Saturday, May 24, 2014

Book Review: Back When You Were Easier to Love



Back When You Were Easier to Love
by Emily Wing Smith

What's worse than getting dumped? Not even knowing if you've been dumped. Joy got no goodbye, and certainly no explanation when Zan, the love of her life and the only good thing about stifling, backward Haven, Utah unceremoniously and unexpectedly left for college a year early. Joy needs closure almost as much as she needs Zan, so she heads for California, and Zan, riding shotgun beside Zan's former best friend, Noah.

There was something off about the whole plot. Its predictable and It wasn't able to wrap everything up. I don't particularly hate Joy but I don't quite know where to place her, Is she popular, is she weird? what is she? where does she stand in all the hierarchy of high school? She doesn't even seem to sound pretty or smart. And Zan, Zan does not sound like he's the perfect boy around, he sounded like douche from the beginning so I don't understand all the fuss even. There are no witty comebacks except for the opinion about Zan's toes which in novels like this would have greatly helped in amping up the plot. For a plot that does not require 186 pages, it sure stretches a lot. The Las Vegas Trip was unnecessary because by then, everything has been kind of resolved and I though a lot about how this could go wrong in all sorts of places, but I figured it gave some good stuff, not entirely in the way we would want it to be handed to us but nonetheless delivered still. I'm not even going to Mormon setting all the circumstance was in because it doing so feels so wrong already. 
This however are the good stuff:

What's with the name Noah anyway, it seems like all the perfect boyfriends are named Noah? and why do I picture him as Peter Kavinsky of To All the Boys I've Loved Before? He after all is the saving grace of this novel. He's calm, patient and understanding. I just hoped he earned his definite ending. Does he finally understood relationships and love, why did he helped Joy in the first place? What's with him when he met Gretel?
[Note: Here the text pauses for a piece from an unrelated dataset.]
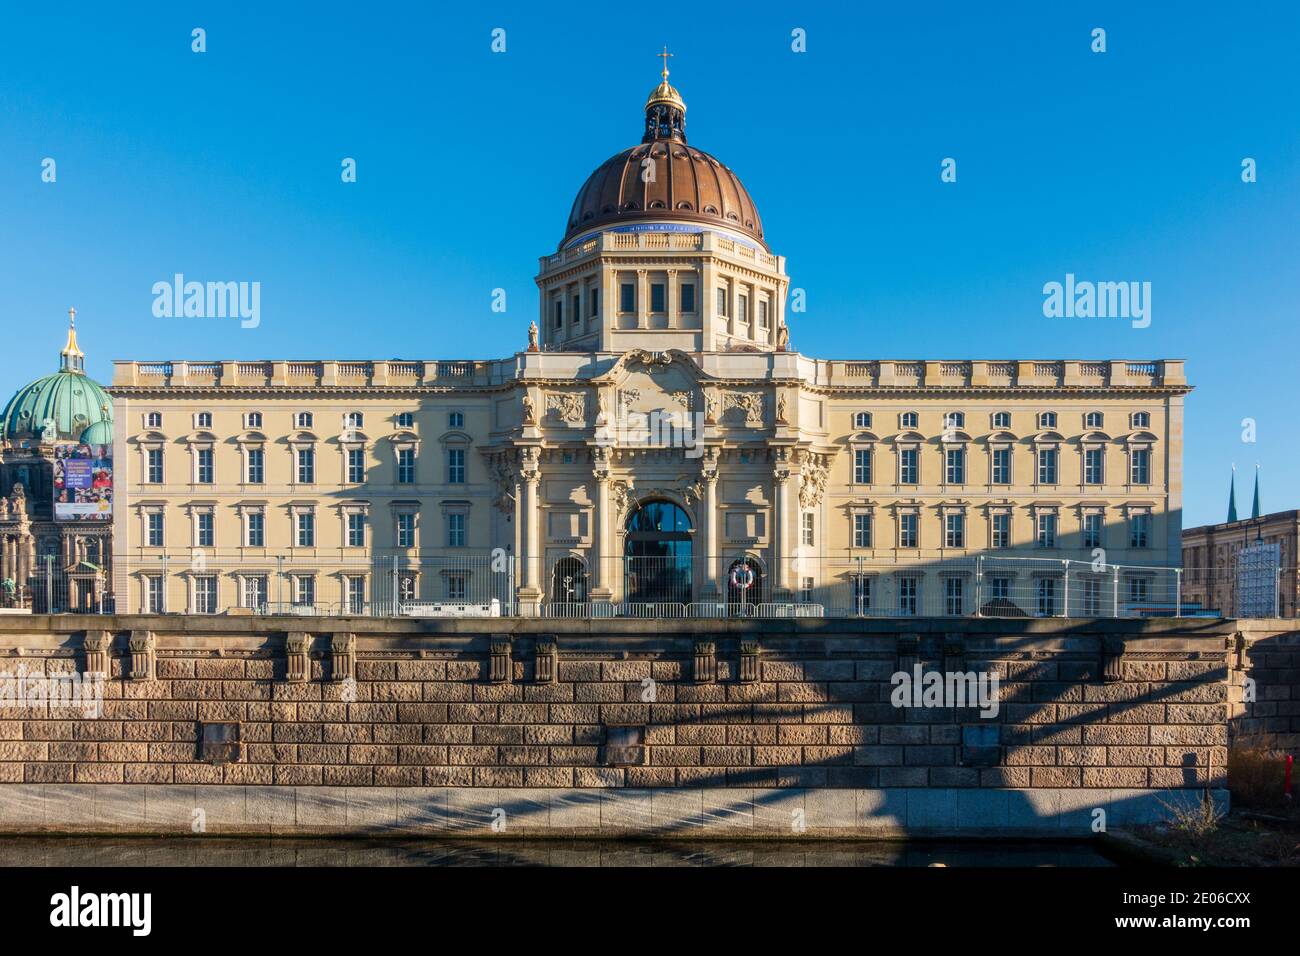 The Humboldt Forum in the rebuilt Berlin Palace Stock Photo

The next good stuff were of course Joy's best friends. Tess, Gretel and Jen. I wish we had more of their conversation. I wish we had more glimpse of what Joy was before they moved and what he loved there so much, it took him so long to adjust in what I think was pretty good environment. 

And lastly of course. the message. the theme. We were all Joy once in our lives, holding on to something we never understood why it had to end that way or why it ended at all, and that hopeful feeling that maybe there is something more than what was served in front of us. That sometimes we're blinded by the idea that we are above others and that makes us untouchables. Or the fact that maybe we are looking for what we want but by the end we are handed with what we deserve. 

I liked how this was narrated in such a way that you get a glimpse of what happened in the past that made the present so sour, I liked how it shows two different perspective of Zan, the made-up version of Joy and the real Zan that's nothing at par which I think made Zan the more Ass than he already was. 

Closure are either for two things: doing something that if you don't, you will regret or facing the truth even it means more hurt that you could probably take. 

This is why I guess this novel still deserves to be read. 
Plus, there are also quotable quotes that you could actually pick from here. I mean, not that it mattered.